Você fala de uma "ação Cristã", "o Cristão que manifesta a verdade do Evangelho na ação social", "não só em oração e penitência, mas também em seus compromissos políticos e em todas suas responsabilidades sociais". Bem, certamente não direi nada contra isso; se a verdade Cristã não brilha através de tudo que se faz, ao ponto de falhar em ser um Cristão, e se se é chamado para uma vocação política, sua ação naquela área também deverá ser Cristã. Mas, se não me engano, suas palavras significam algo mais que isso; ou seja, que agora, mais do que nunca, precisamos de Cristãos trabalhando na esfera social e política, para realizar ali a verdade do Evangelho. Mas por que, se o Reino de Cristo não é deste mundo? Existe realmente uma "mensagem social" Cristã, ou não é, ao contrário, o resultado da atividade Cristã de alguém que está cuidadosamente trabalhando sua salvação? De maneira alguma estou defendendo a prática do Cristianismo em isolamento; todo o Cristianismo - mesmo aquele do eremita - é um "Cristianismo social", mas isso é apenas um contexto, não um fim.  A Igreja está na sociedade porque os homens estão na sociedade, mas a finalidade da Igreja é a transformação do homem, não da sociedade. É uma boa coisa se uma sociedade e governo professam o Cristianismo verdadeiro, se suas instituições são informadas pelo Cristianismo, porque, assim, um exemplo é dado para os homens que são parte daquela sociedade; mas uma sociedade Cristã não é um fim em si, mas simplesmente um resultado do fato de que os homens Cristãos vivem em sociedade.
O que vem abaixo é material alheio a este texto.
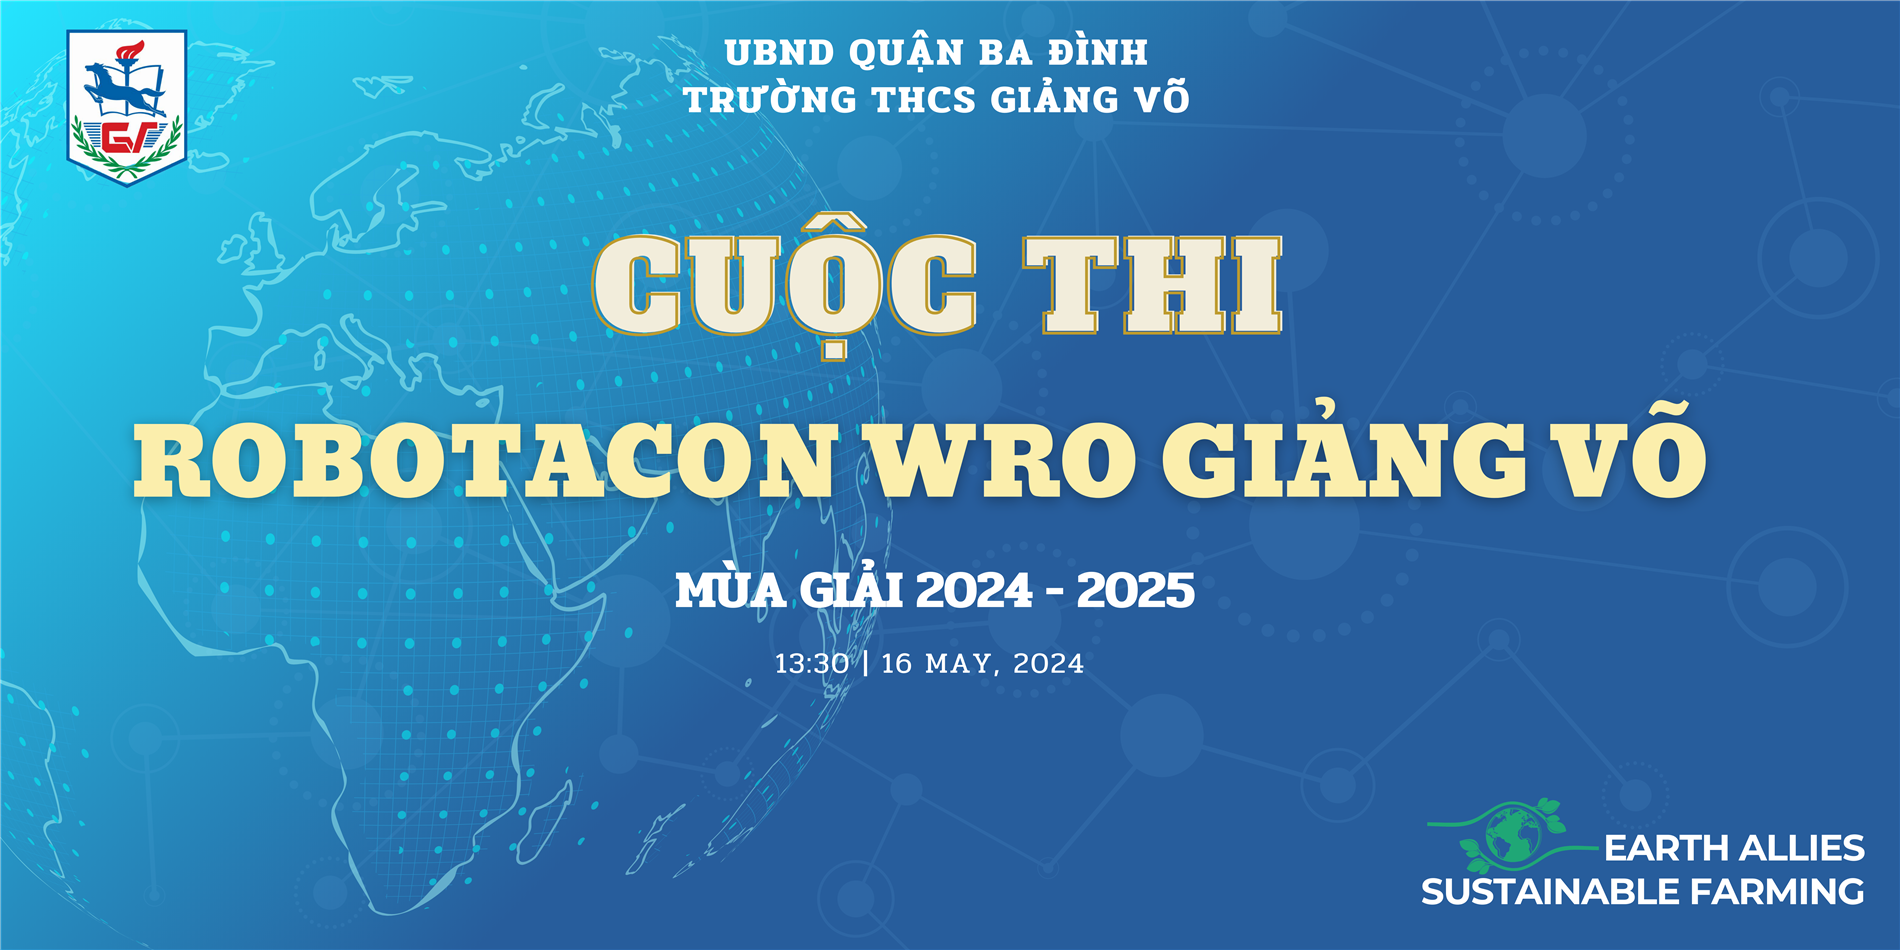 Thông báo kế hoạch tổ chức Cuộc thi "Robotacon WRO Giảng Võ" mùa giải 2024 - 2025
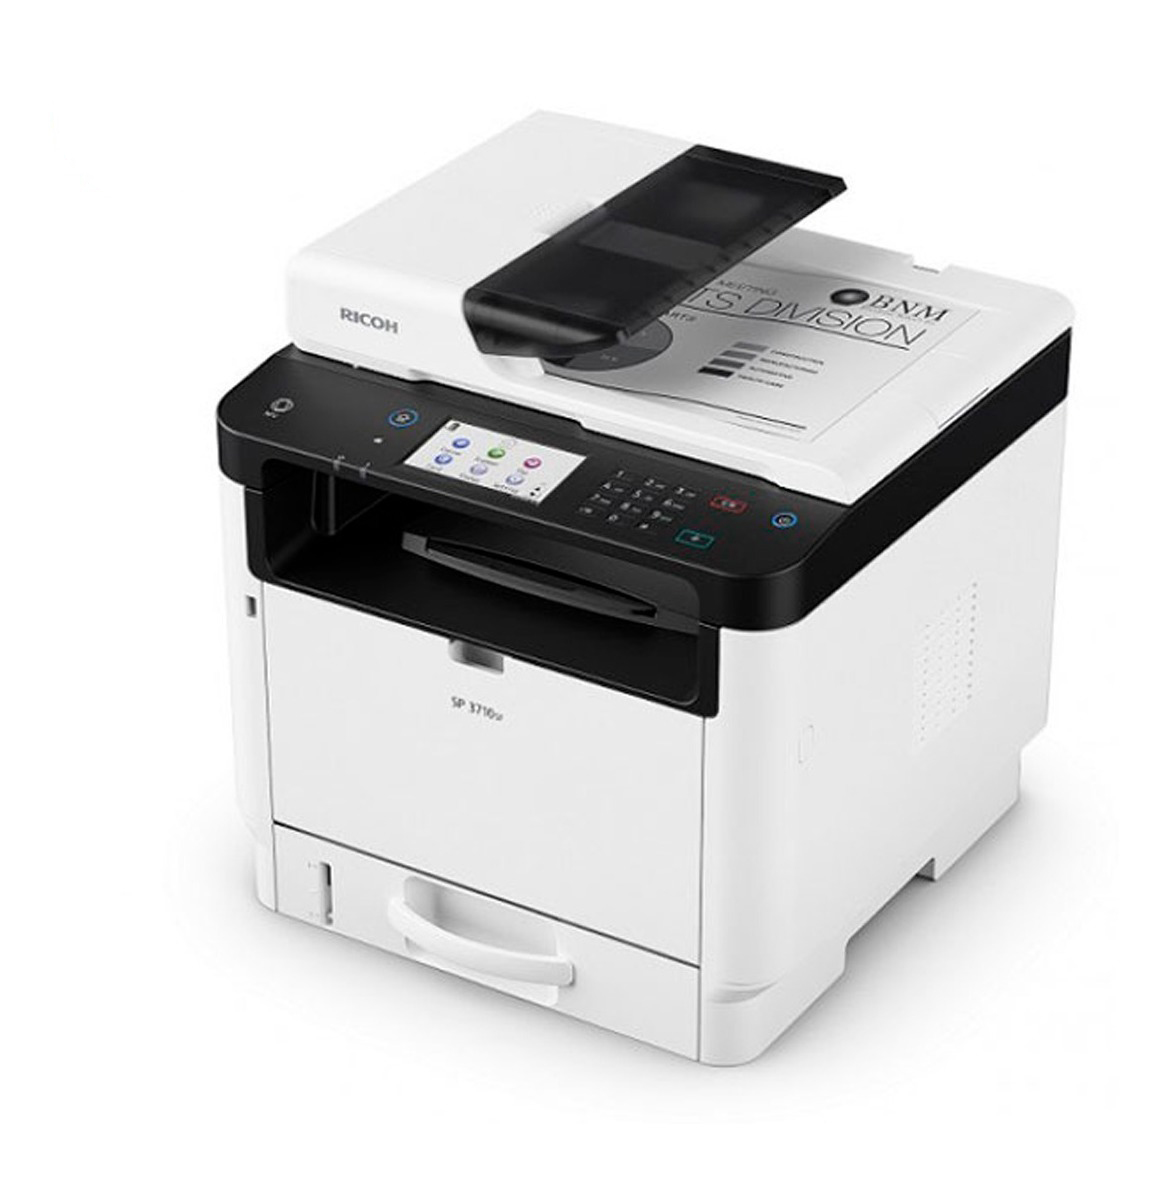 INSUMATICA s.r.l. :: Alquiler y Venta de Fotocopiadoras e Impresoras Ricoh  – Alquiler y Venta de Fotocopiadoras e Impresoras Multifuncion y Soluciones

Eu não nego, claro, que exista tal coisa como uma "ação social" Cristã; o que questiono é a sua natureza. Quando eu alimento meu irmão com fome, isto é um ato Cristão e uma pregação do Reino que não precisa de palavras; é feito pela razão pessoal que meu irmão - aquele que está diante de mim, neste momento, está com fome, e é um ato Cristão, porque meu irmão é, em certo sentido, Cristo. Mas se eu generalizo a partir deste caso e embarco em uma cruzada política para abolir o "mal da fome", isto é algo inteiramente diferente; embora os indivíduos que participam de tal ato possam agir de maneira perfeitamente Cristã, o projeto inteiro - e precisamente por ser um "projeto", um planejamento humano - torna-se envolvido em uma espécie de manto de "idealismo".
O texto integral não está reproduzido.